ORGANO UFFICIALE DEL COMITATO CENTRALE DEL PARTITO COMUNISTA DI CUBA

Come parte delle attività sviluppate in congiunto tra il Ministero delle Relazioni Estere (Minrex) e l’Ufficio Nazionale di Disegno (Ondi) per esigere la fine del blocco  imposto dagli Stati Uniti a Cuba da circa 60 anni, e in collaborazione con l’Ufficio dello Storigrafo della Capitale (OHC), la galleria Carmen Montilla, ne L’ Avana Vecchia, accoglie dal 26 settembre scorso  e sino al prossimo 17 ottobre la mostra #NonPiùBlocco, con 18 manifesti di disegnatori cubani e stranieri.
L’iniziativa di carattere competitivo è nata nella Settimana del Disegno, nel maggio del presente anno, con l’intenzione di lavorare con altri codici  meno usati, cercando nuove interpretazioni e simboli che relazionano l’uomo con la natura,  ha detto  la direttrice  di valutazione della ONDI e  membro della giuria   del concorso, Yamilet Pino Nicó.
Membri del Minrex, la ONDi, la OHC e il Consiglio Nazionale delle Belle Arti  hanno formato la giuria alla quale si è sommato Carlos Alberto Masvidal, Premio Nazionale di Disegno 2017, che dopo l’analisi dei pezzi partecipanti ha deciso di assegnare sette menzioni e tre premi.

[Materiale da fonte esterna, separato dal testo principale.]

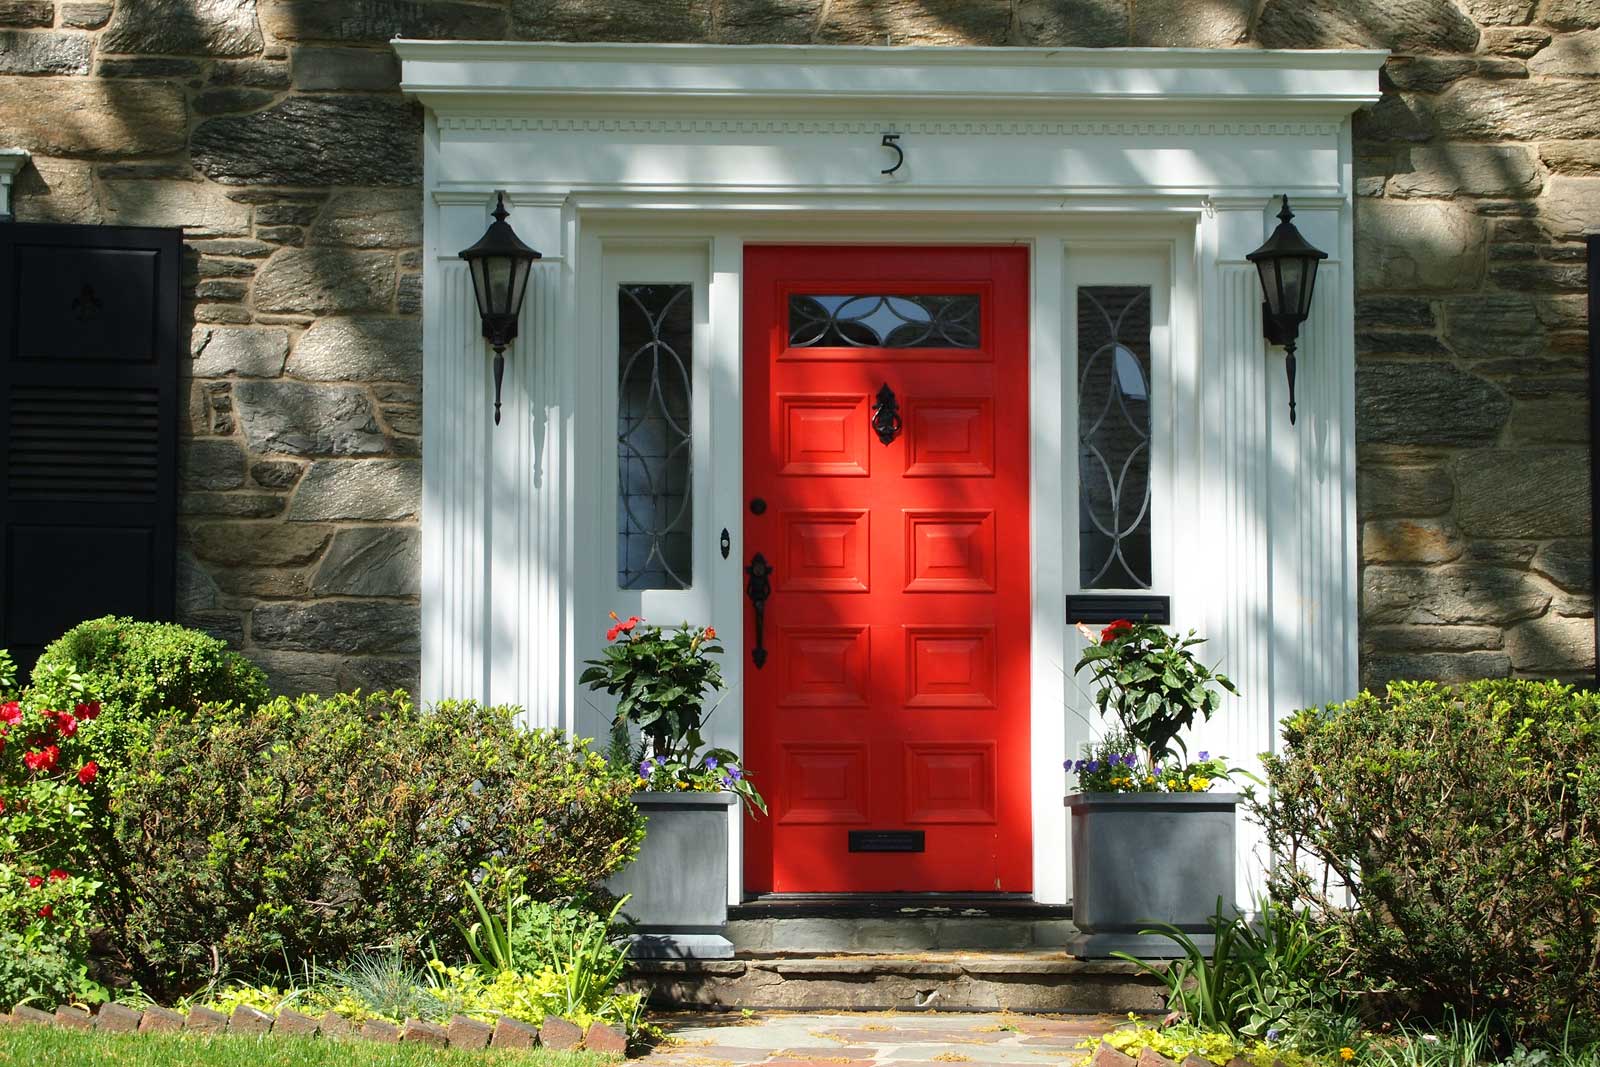 Home Design Red Exterior Home Design Decorated With Red Front Door Ideas Made From Wooden Material Using Traditional Style For Inspiration Exterior Red Front Door As Surprising Door Design For Modern Home

Ana Laura Peirone (Argentina), Armando Mea Pérez (Cuba) e Liz Capote Alonso (Cuba), con terzo, secondo e primo premio, rispettivamente, sono stati i premiati del concorso  di manifesti  #NonPiùBlocco, al quale sono state presentate 100 opere inedite provenienti da varie nazioni: Cuba,
Argentina, Brasile, Cina, Stati Uniti, Italia, Giappone e Messico.
Le opere sono esposte assieme alle menzioni  e ad altre  selezionate per formar parte della mostra.
«Questo tema è una sufficiente motivazione  per partecipare e ho voluto convocare tutti quelli che conosco per far inviare i loro lavori perchè questa è una forma   sana di diffondere  la cultura, soprattutto per i nostri disegnatori»,  ha affermato Armando Mesa, il secondo premiato.
Per la giovane  di Santa Clara Lisandra C. González Rodríguez, disegnatrice empirica che ha meritato il terzo premio, partecipare è stata una sfida personale,  basata nelle nuove tecnologie e negli indici di sblocco dei dispositivi cellulari, per la creazione.  

«Di fornte all’incremento della retorica aggressiva contro il nostro paese, giunge questa esposizione carica di simboli: una nave ce fiorisce nonostante i muri; colombe che volano nel triangolo rosso della bandiera e delle scudo della nazione, lucchetti che si aprono, pinze che tagliano i flussi del cuore, boomerang caduti e un Elpidio Valdés che colpisce il blocco con la mazza da baseball come mostra di quello che può fare tutto un popolo per liberarsi di tanta ingiustizia, ha detto Yaira Jiménez Roig, direttrice di Comunicazione e Immagine del Minrex, durante l’inaugurazione della mostra. ( Traduzione GM – Granma Int.)